|The Frankfurt-Tipp rating:|
|Original title:||High Strung|
|Genre:||Music film, Romance, Drama|
|Production country:||USA 2016|
|Running time:||Approx. 97 min.|
|Rated:||From 0 years|
Ruby (Keenan Kampa) seems to have finally come close to her big goal: The classical ballet dancer has landed a place at the prestigious Manhattan Conservatory of the Arts. But as soon as she arrives in New York, she realizes that her training will not be a walk in the park. Modern dance is not her cup of tea, but she has to master it in order to get ahead at the school. She finds new courage when she meets the British violinist Johnnie (Nicholas Galitzine). His music and the dancing of his street dancer friends open up a whole new world to Ruby. But then Johnnie is picked up by the authorities and is to be deported because he doesn't have a valid green card. There is only one way out: if he accompanies Ruby on the violin in a dance competition at her school, he would receive a scholarship and a student visa if he wins. But the road to victory is lined with many obstacles, and the competition is enormous - and sneaky.

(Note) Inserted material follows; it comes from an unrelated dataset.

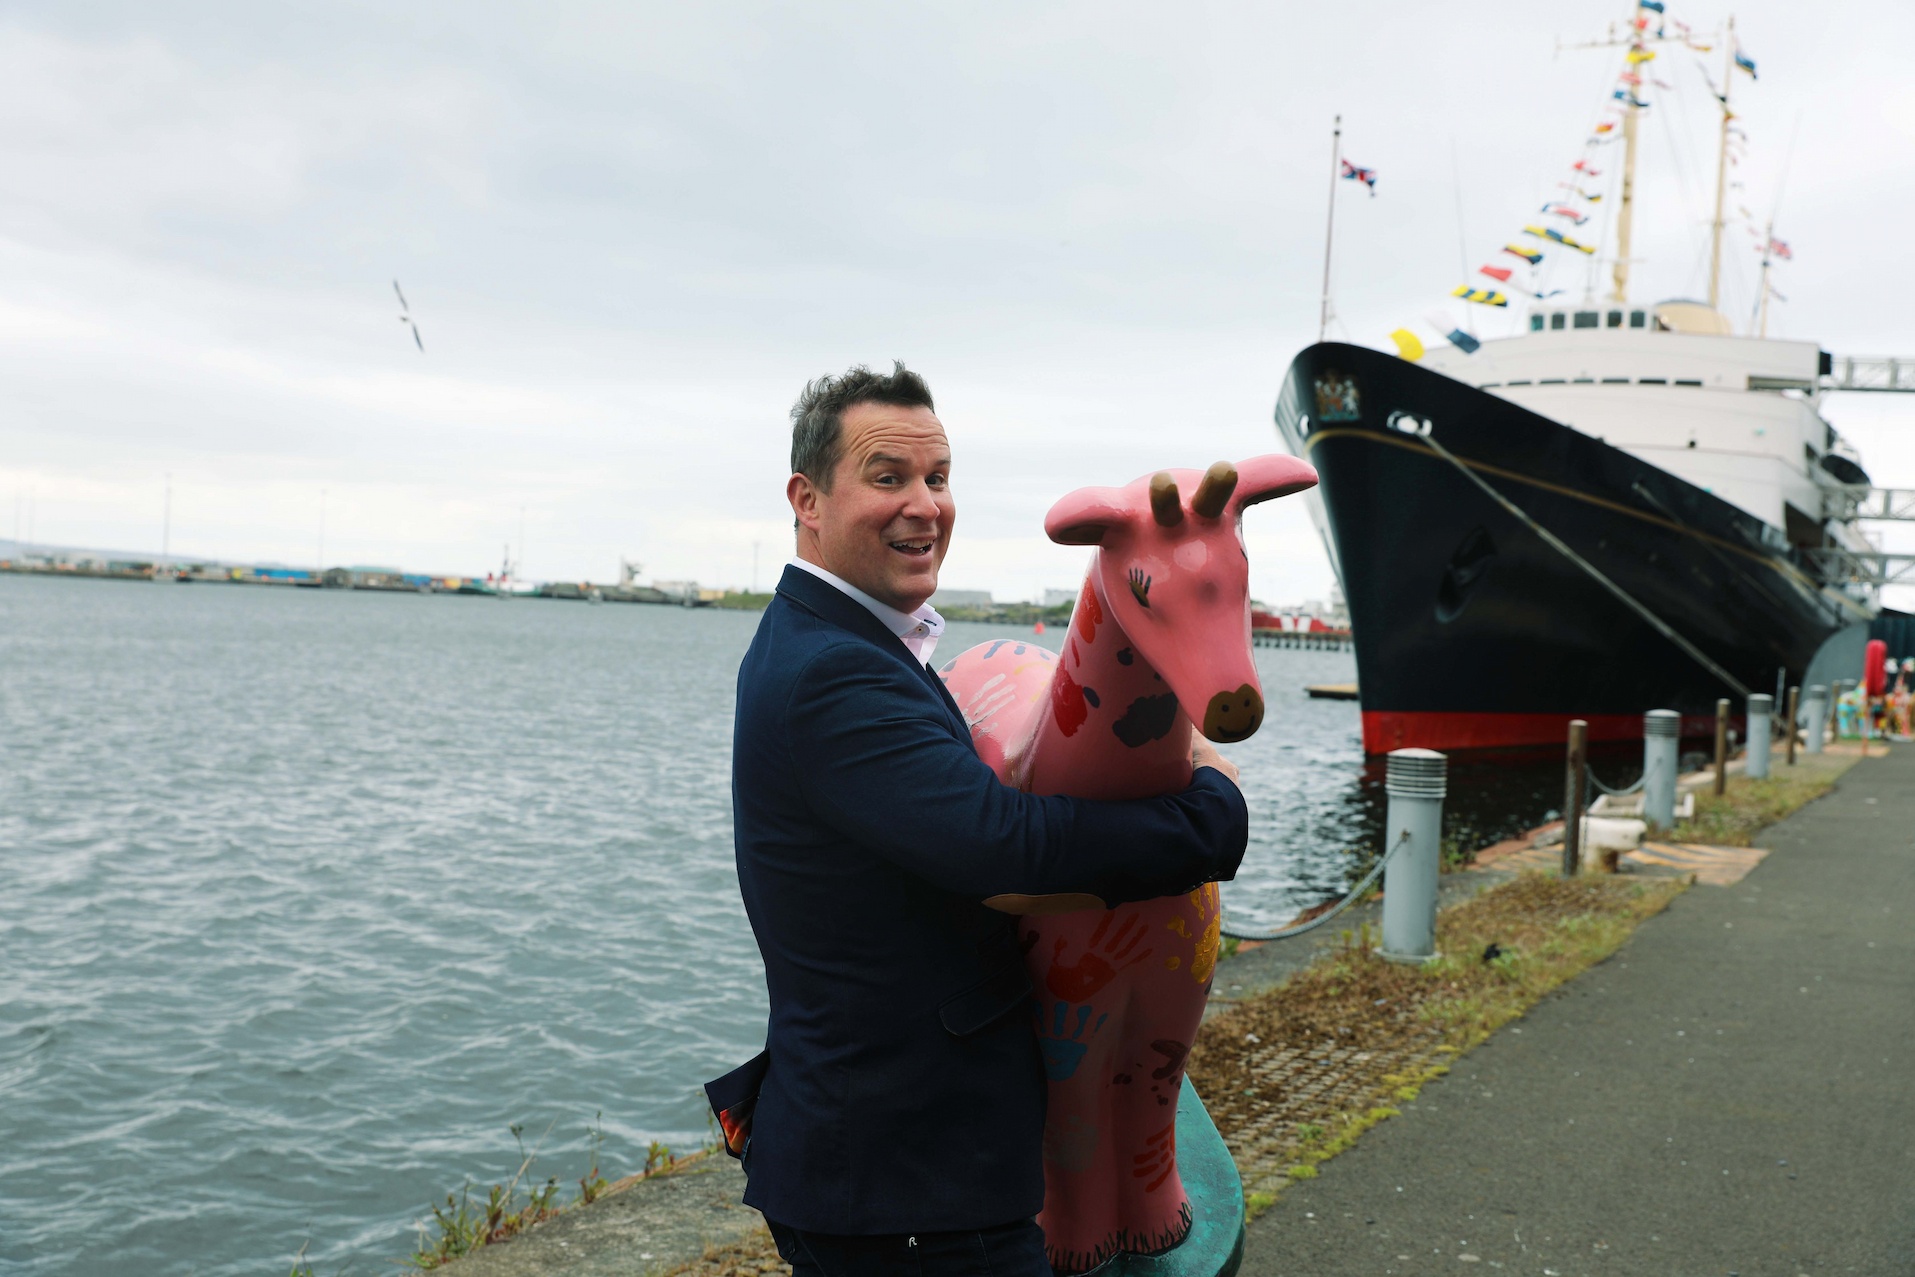 Paul Wakefield City Fibre city manager carrying pink giraffe about town statue near Royal Yacht Britannia

Image: JASMINE GEDDES 2022

To put it bluntly: Streetdance: New York has nothing to do with the other street dance movies. The original name of the film is High Strung and it was renamed in Germany to attract fans of the British dance film series to the cinemas. It was directed by Michael Damian, who was briefly successful as a singer in the 80s and has been working as a director and screenwriter of shallow family entertainment like the horse movies Flicka 2 + 3 for a few years now. Shallow, then, is the right description for his dance flick, co-written with his wife Janeen Damian. The script is a pure collection of clichés, incredibly inane dialogue and one-dimensionally drawn characters. The story has no surprises to offer and borrows extremely brazenly from other representatives of the dance film genre.
Even worse than the script are the actors, who act in an extremely amateurish manner. There are scenes here that are so incredibly badly acted that you just can't believe it. It is also annoying that with Nicholas Galitzine an actor was chosen who obviously can't really play the violin, which then becomes obvious in an almost embarrassing way when he has a violin duel with an opponent who actually knows how to play this instrument.
Well, maybe I am too critical. Probably neither an interesting story nor good acting is expected from such a movie. First and foremost, I think it's about the dance scenes. If they really hit the spot, the rest won't matter anyway. Well, even if I personally don't see it that way, this view is unfortunately in line with reality - there's no other way to explain the success of some dance movies in recent years. So Streetdance: New York also has a trump card up its sleeve - which the film only plays to a limited extent, though. Yes, there are some nice dance sequences. One of them is even really good. But even though they are performed by real professionals, they seem astonishingly bumbling staged. Especially in direct comparison to the Step Up movies, the moves and choreographies shown here are nothing you would have to buy a movie ticket for. But since the dance scenes would be the only argument that could make the movie worth seeing for fans of this genre despite the bad actors and the flat script, the bottom line has to be that this is one of the weakest dance movies of the last years on all levels, whose makers have neither a clue about screenwriting nor about the thrilling staging of dance scenes. And that's why we give it only one: Even for fans only conditionally worth seeing!